Yesterday in Rochester, New Hampshire, McCain said:
This is a clear choice that the American people have. I had the courage and the judgment to say I would rather lose a political campaign than lose a war. It seems to me that Obama would rather lose a war in order to win a political campaign.
It seems that way? Any honest appraisal demands it. Obama's profusion of views on Iraq are dizzying, but they have always had one unifying theme: victory is not an option. Obama opposed The Surge, he opposed troop funding, and he (initially) proposed a hard 16-month timeline for abandoning Iraq regardless of the facts on the ground there and regardless of what the generals recommend (even if genocide raged. No hope or change for you, Iraq). Obama's only sacred principle is that he wants to be president, and the only way this overweening ambition could be satisfied was to run to the left of Hillary Clinton in order to win the Democratic primaries. Thus his purely political Iraq 'strategy' was born.
So John McCain can be forgiven, and even congratulated, for pointing out that Obama's views have nothing to do with Iraq, and everything to do with Obama's presidential ambitions.
John McCain on the other hand very courageously proposed troop increases in Iraq at a time when abandoning Iraq to the wolves was seen as conventionally wise, and even desirable.

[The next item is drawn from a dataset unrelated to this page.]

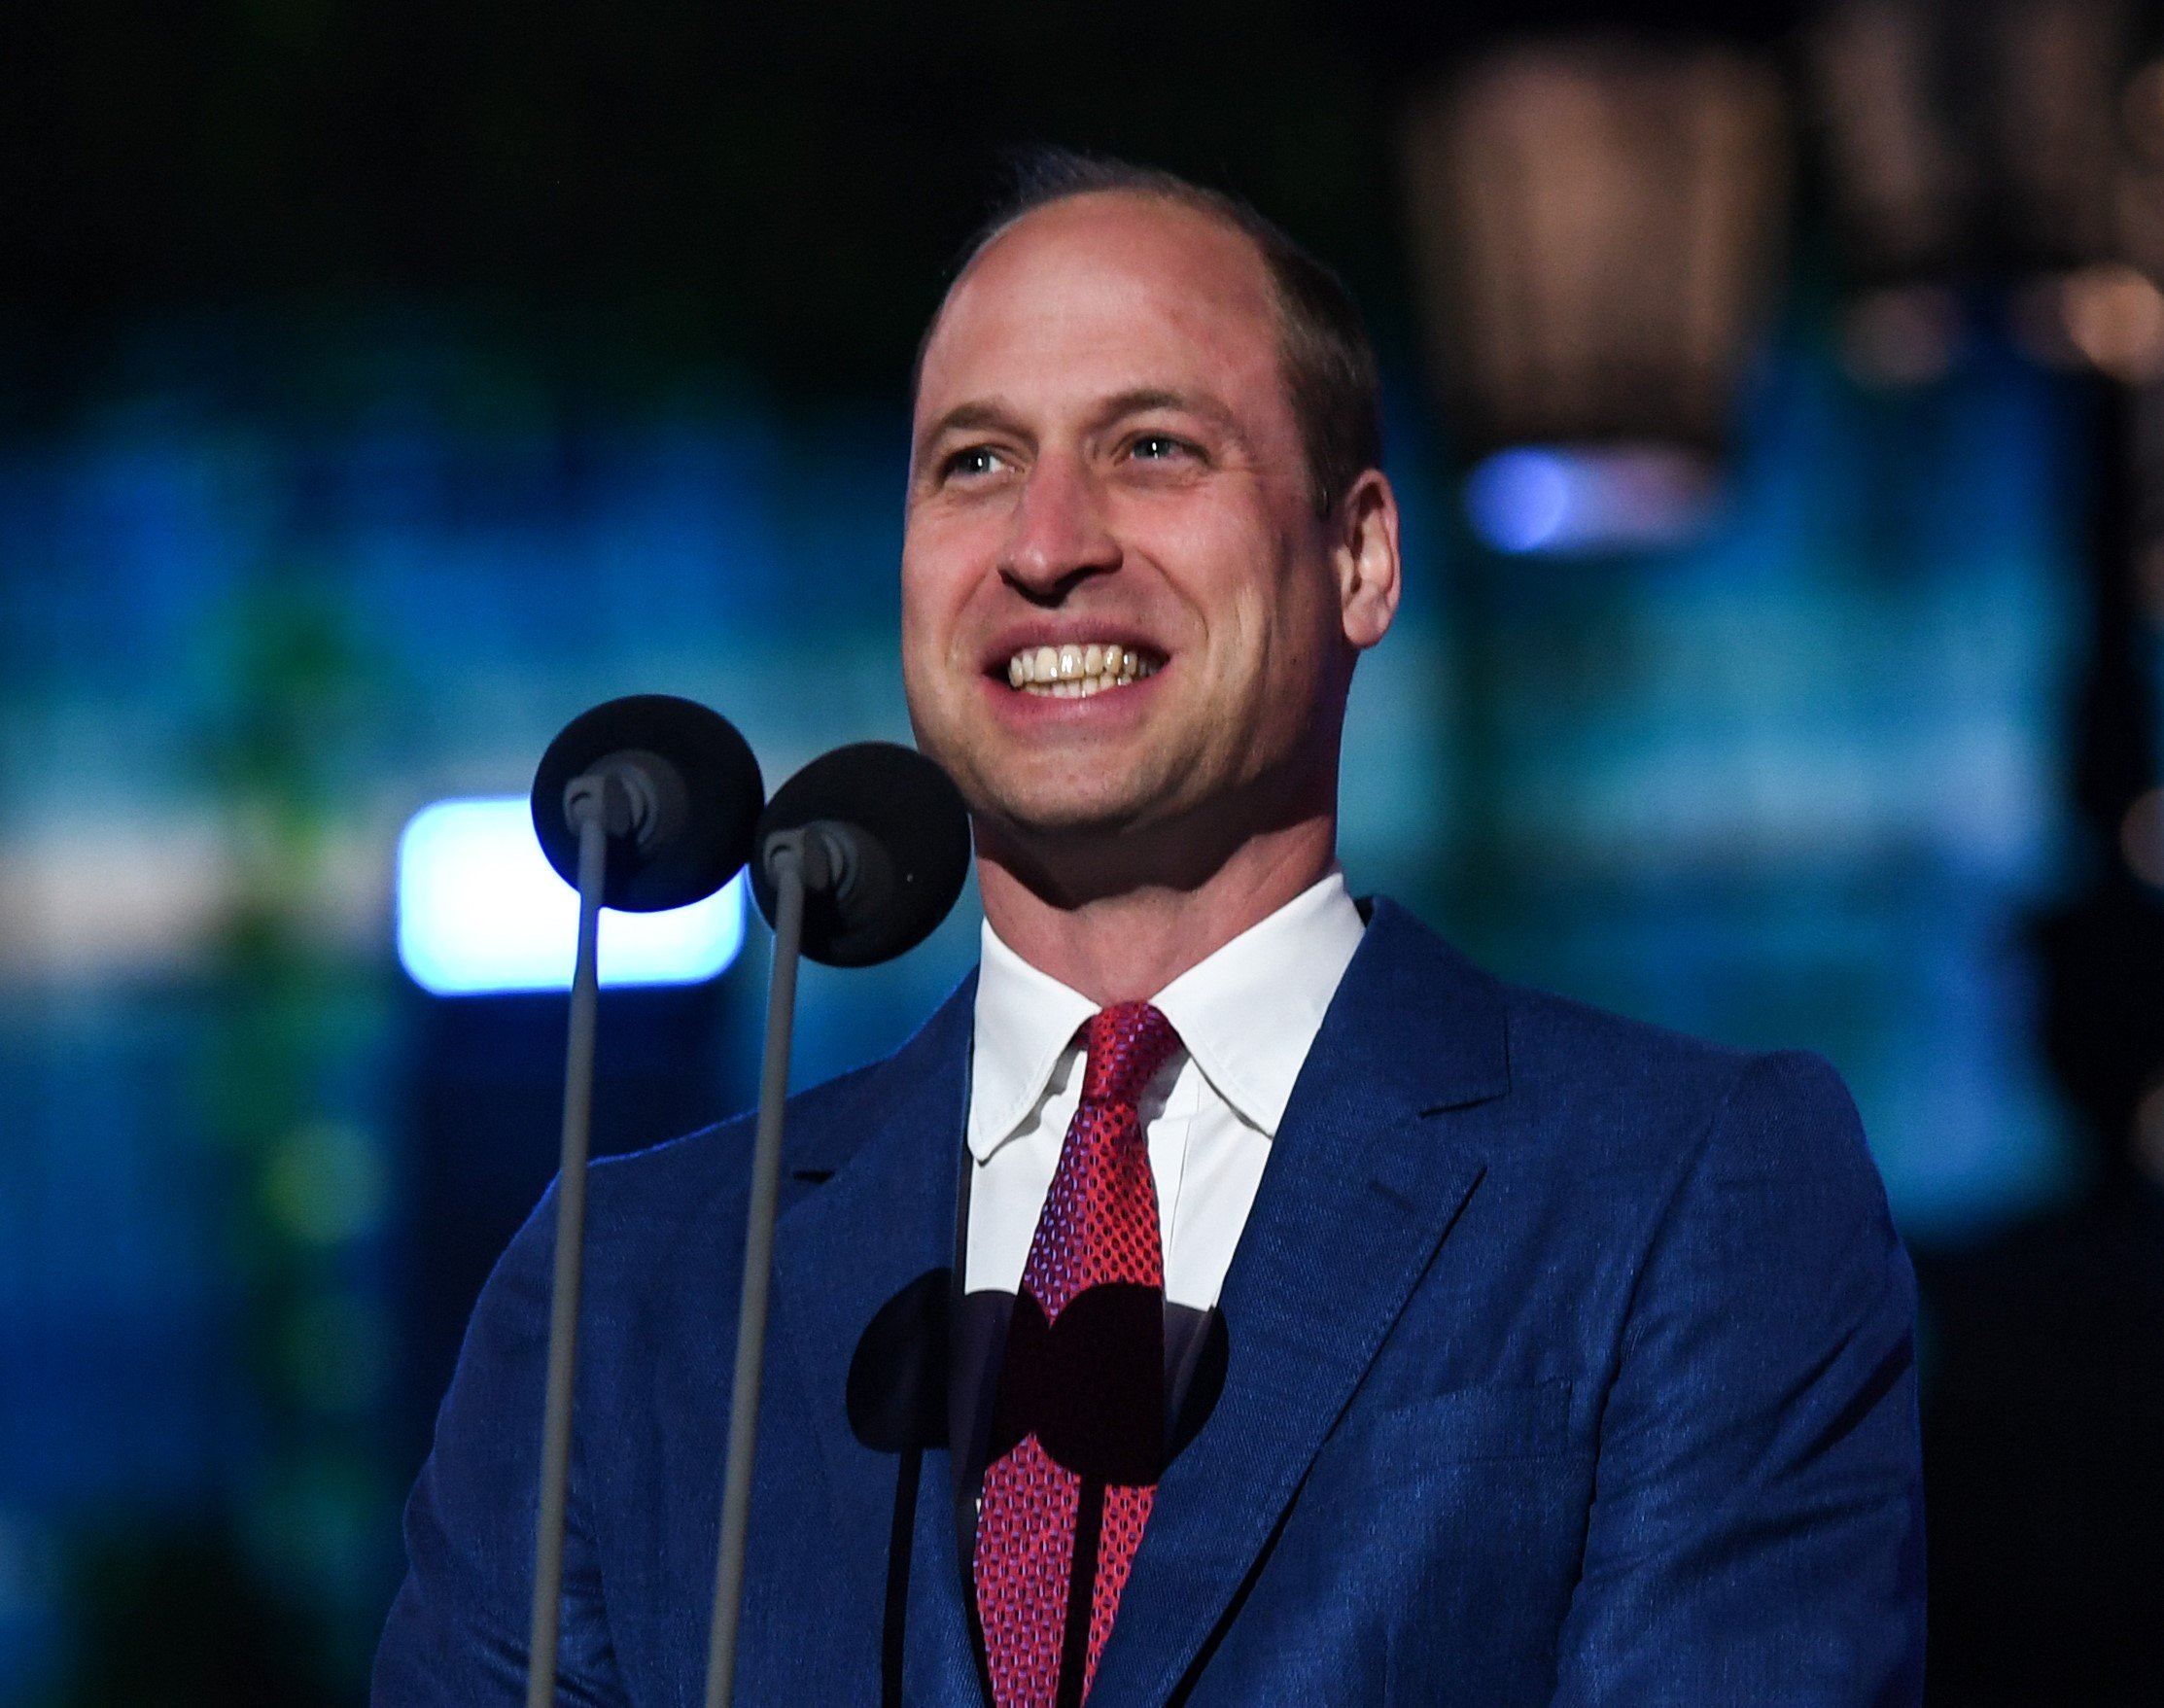 Prince William, whose had some awkward moments over the years, speaking during Platinum Party at the Palace as part of the Queen's Jubilee

McCain truly did risk all of his presidential ambitions on a single long shot, and had The Surge failed he would of course not be within striking distance of winning the presidency. To John McCain however, victory was more important than John McCain. That is quite refreshing.
Joe Klein reacted by fomenting a lot of faux outrage over McCain's statement, knowing that this uppercut to Obama's solar plexus may well be McCain's best soundbite of the campaign:
This is the ninth presidential campaign I've covered. I can't remember a more scurrilous statement by a major party candidate. It smacks of desperation. It renews questions about whether McCain has the right temperament for the presidency. How sad.I wish the left could, just once, generate this type of ire for lightweight candidates who want to destroy America's military morale and ability to follow through on critical foreign policy projects.